The Energy Department’s Office of Environmental Management (EM) might have to wait to get the funding boost being considered on Capitol Hill, assuming an anticipated short-term budget measure becomes reality in the next few weeks.
Congress, returning to Washington on Tuesday after its August recess, has only a few weeks to pass some sort of spending measure to avoid a federal government shutdown when fiscal 2018 starts on Oct. 1. Various general national news outlets reported this week that lawmakers will cobble together a three-month placeholder spending bill to keep the lights on and provide some early relief to victims of Hurricane Harvey.
A continuing resolution would likely sustain the current funding level at DOE EM, which oversees cleanup of the department’s nuclear-weapon legacy. That could mean short-term belt tightening and perhaps some scheduling headaches for DOE and federal cleanup contractors.

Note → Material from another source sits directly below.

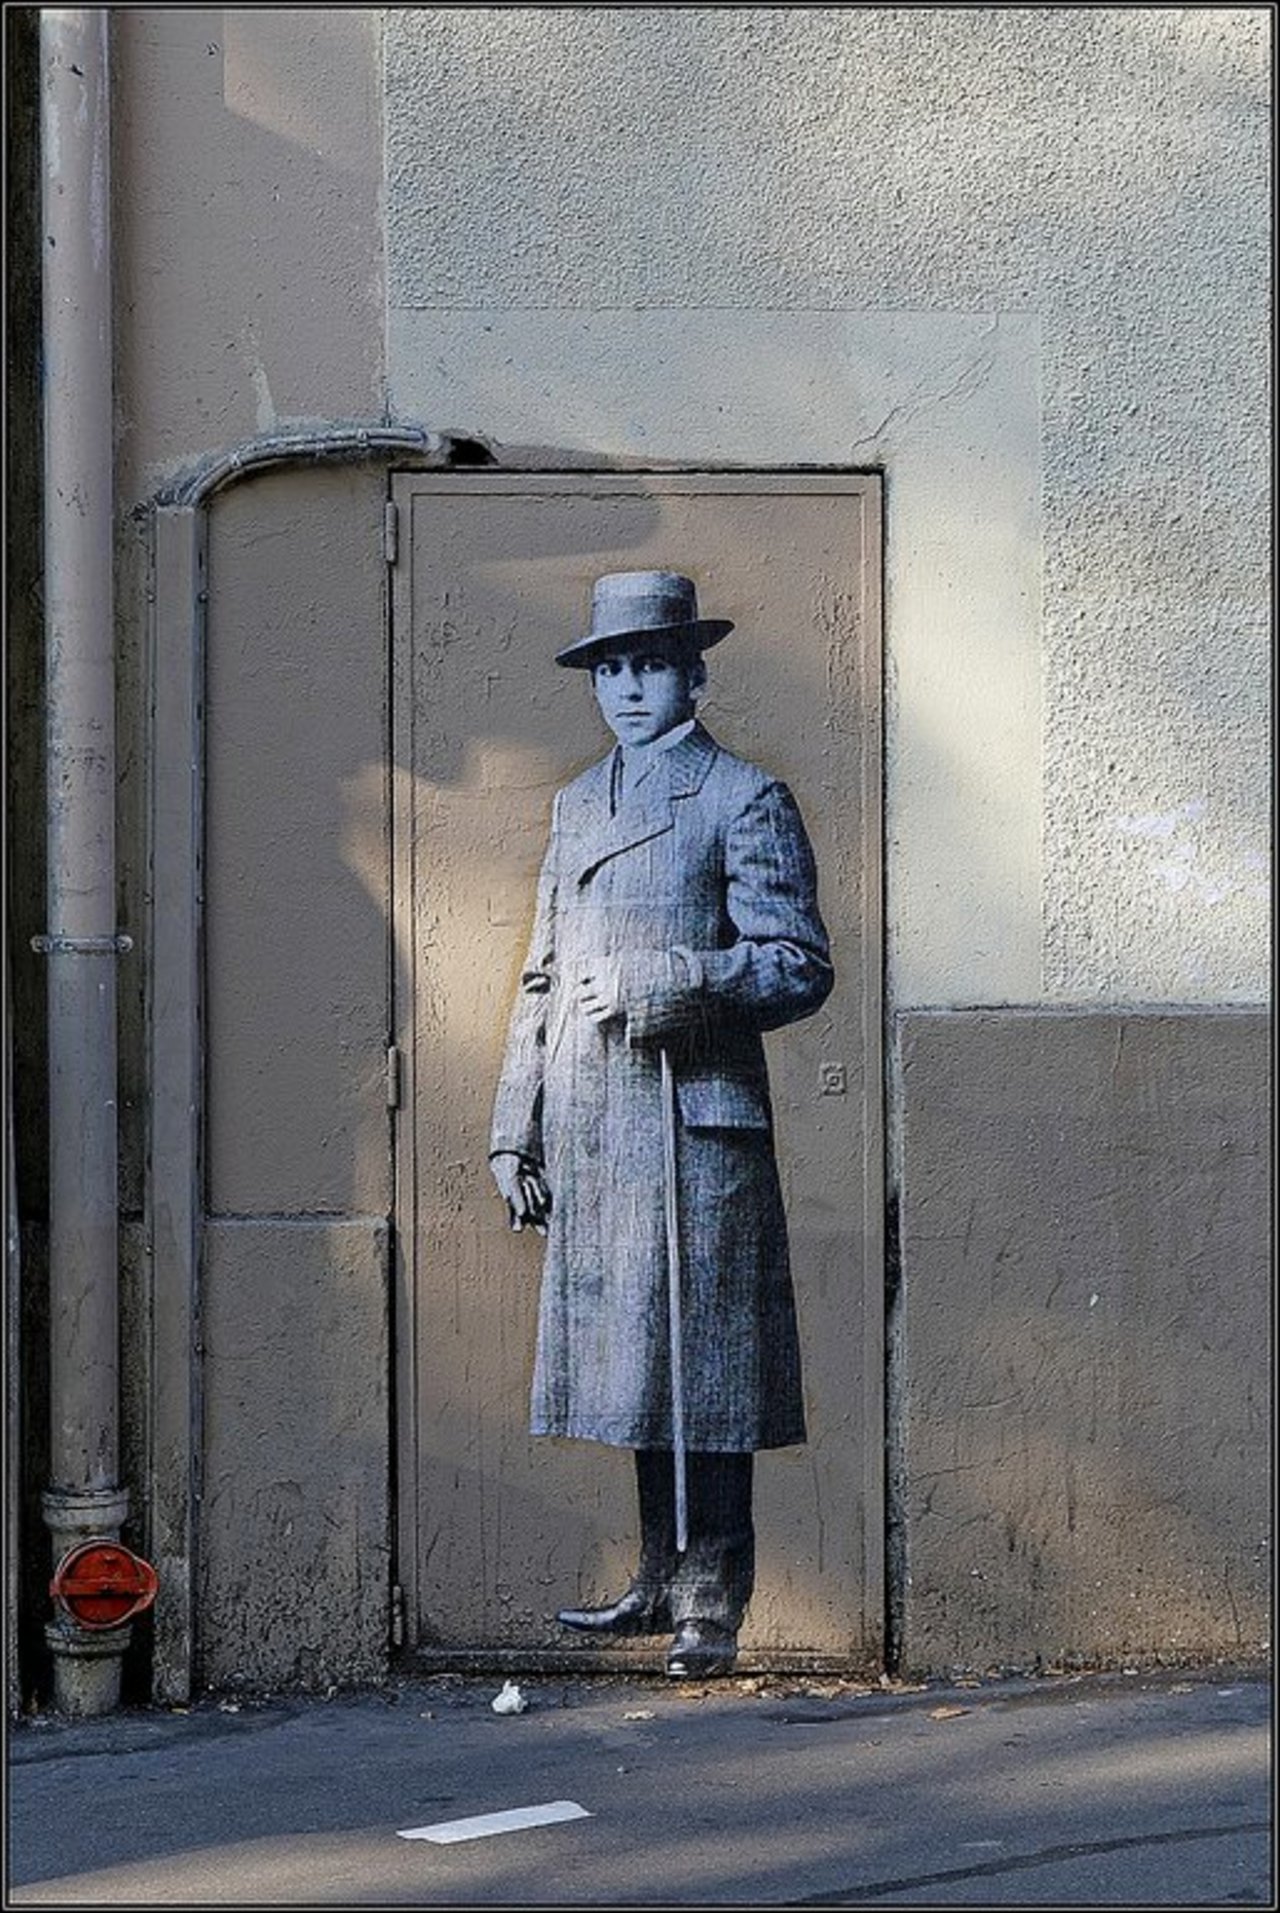 Street Art by anonymous in #Paris http://www.urbacolors.com #art #mural #graffiti #streetart https://t.co/IfEMYrjFeO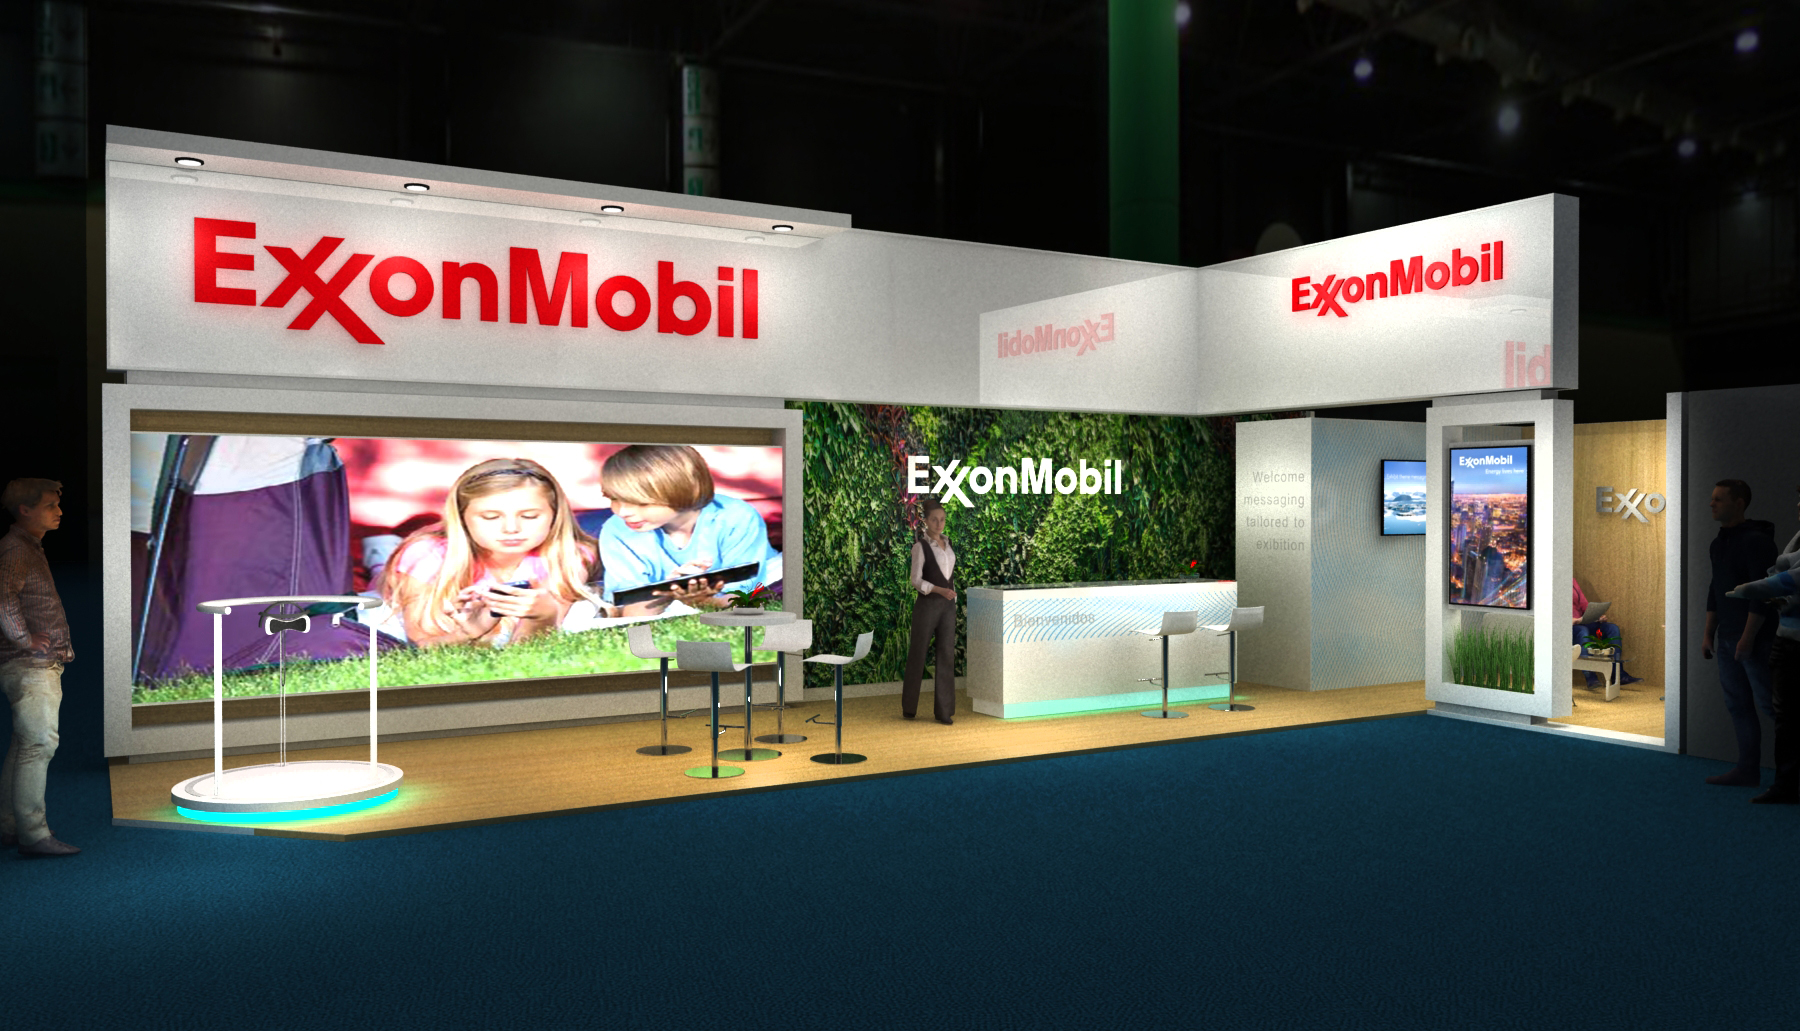 ExxonMobil, Argentina Oil & Gas Patagonia, 2022

The Energy Department requested $6.5 billion for fiscal 2018, a roughly 1 percent step up from its current funding level and the largest budget proposal in 10 years. In July, the House of Representatives approved $6.4 billion for the office, including $75 million to clean up facilities transferred from DOE’s semiautonomous National Nuclear Security Administration – the White House wanted $225 million. The Senate is still considering energy spending legislation that would give EM $6.6 billion, with $55 million for cleanup of facilities taken over from the NNSA.
Under a CR scenario, funding would be distributed in monthly increments rather than every three months, which could complicate some contract work. The new cleanup jobs on transferred NNSA plants would also presumably have to wait until a permanent budget is passed.
The funding situation could be even more noticeable at certain DOE cleanup and waste storage sites. For example: The Waste Isolation Pilot Plant in New Mexico, the nation’s sole permanent underground repository for transuranic waste, received $292.7 million in defense environmental cleanup funding for fiscal-year 2017.
The Energy Department asked for $317 million for WIPP in fiscal 2018. The House came through with $323 million, while the Senate Appropriations Committee passed a WIPP budget of roughly $320 million that is now awaiting approval from the full upper chamber. Any continuing resolution would use the $292.7 million figure as its starting point.
The White House request and draft appropriation bills include money to begin construction on a new ventilation system at WIPP in 2018. By the middle of next decade or so, this system would allow workers to tunnel out new waste-disposal space while also performing mine maintenance and routine disposals.
The Richland Operations Office, one of two offices that oversee remediation of the former plutonium production complex at Hanford in Washington state, received $839.8 million in defense environmental cleanup funding for fiscal 2017. The Trump administration request for next year is only $716 million.
The House passed a Richland budget with $837.6 million in defense environmental cleanup funding — some 0.26% less than fiscal 2017 level and almost 17% more than the administration request. Senate Appropriators passed a figure of $826.2 million, or 1.62% less than the fiscal enacted level.